The anatomic extent of tumor (TNM, pTNM) and, in case of treatment, the residual tumor status following treatment (residual tumor, or R classification) are the strongest predictors for outcome of patients with gastrointestinal cancer. The results of the pTNM and the R classifications depend on the methods used. In particular, the pN classification correlates with the number of nodes examined. The findings of micrometastases or isolated tumor cells in bone marrow should be indicated, and such cases must be analyzed separately from other metastatic cases. The same applies to patients with positive cytology in ascites fluid or peritoneal washings without gross involvement of the peritoneum. For the R classification the additional descriptors (conv), for conventional methods used, and (soph), for sophisticated, are recommended to indicate the methods used for classification. In general, long-term survival can be expected only after R0 resection (resection without residual tumor). The observed 5-year survival after R0 resection is 15% to 40% for esophageal carcinoma, 40% to 75% for gastric carcinoma, and 55% to 60% for colorectal carcinoma; the respective figures for R1 and R2 resections are only about 5% each.

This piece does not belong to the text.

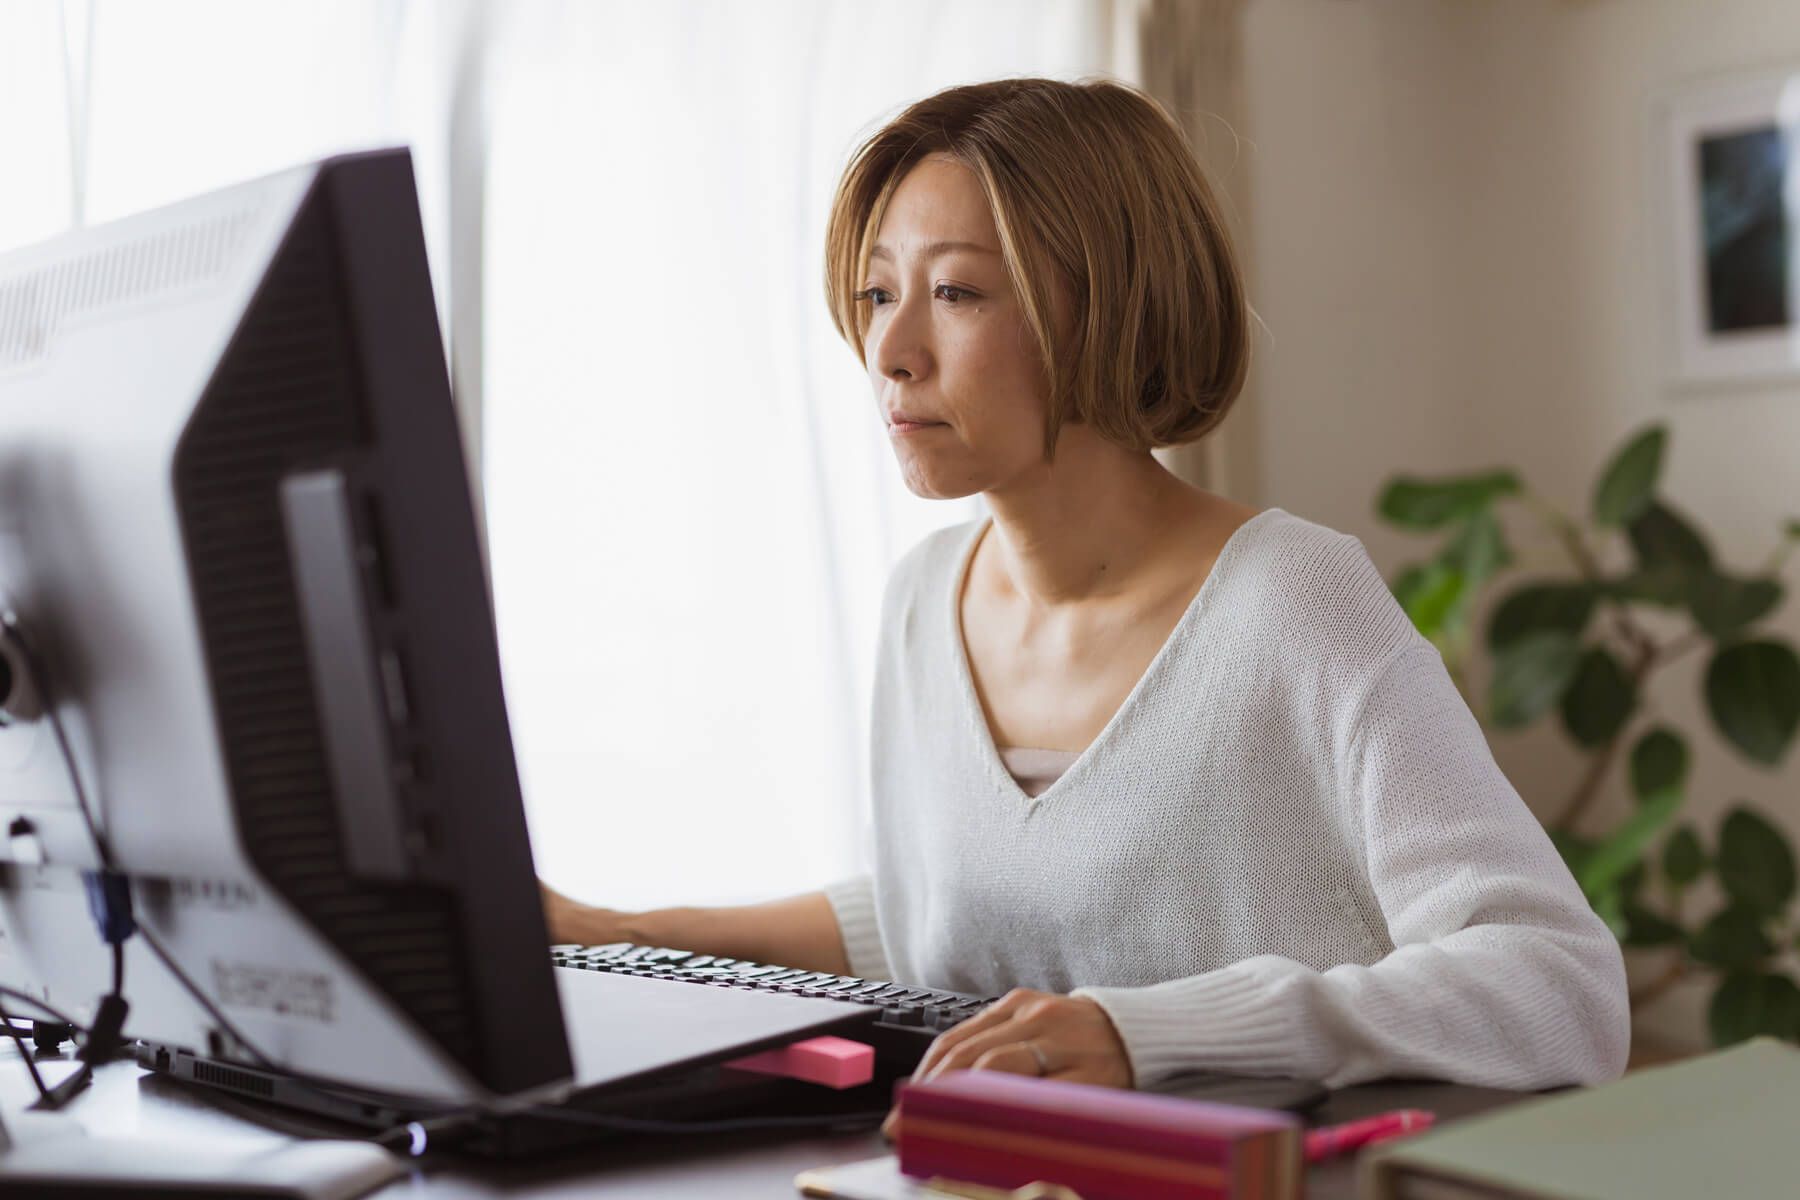 A person concentrates on their desktop while working at home.

In R1 and R2 cases prognosis is determined primarily by the absence or presence of distant metastases, and pT and pN are of minor significance. After R0 resection there is a wide spectrum of prognoses. Careful pTNM classification allows a good estimation of the prognosis and can be considered the gold standard for any analysis of treatment results.

摘要

肿瘤的解剖范围(TNM、pTNM),以及在进行治疗的情况下,治疗后残留肿瘤状态(残留肿瘤,即R分类)是胃肠道癌患者预后的最强预测指标。pTNM和R分类的结果取决于所使用的方法。特别是,pN分类与检查的淋巴结数量相关。应指明骨髓中微转移或孤立肿瘤细胞的发现情况,且此类病例必须与其他转移病例分开分析。对于腹水或腹腔灌洗细胞学检查阳性但无腹膜大体受累的患者也是如此。对于R分类,建议使用附加描述符(conv)表示所使用的传统方法,(soph)表示复杂方法,以指明用于分类的方法。一般来说,只有在R0切除(无残留肿瘤的切除)后才有望实现长期生存。食管癌R0切除后观察到的5年生存率为15%至40%,胃癌为40%至75%,结直肠癌为55%至60%;R1和R2切除的相应数字仅约为5%。在R1和R2病例中,预后主要取决于有无远处转移,pT和pN的意义较小。R0切除后预后范围很广。仔细的pTNM分类有助于很好地估计预后,可被视为任何治疗结果分析的金标准。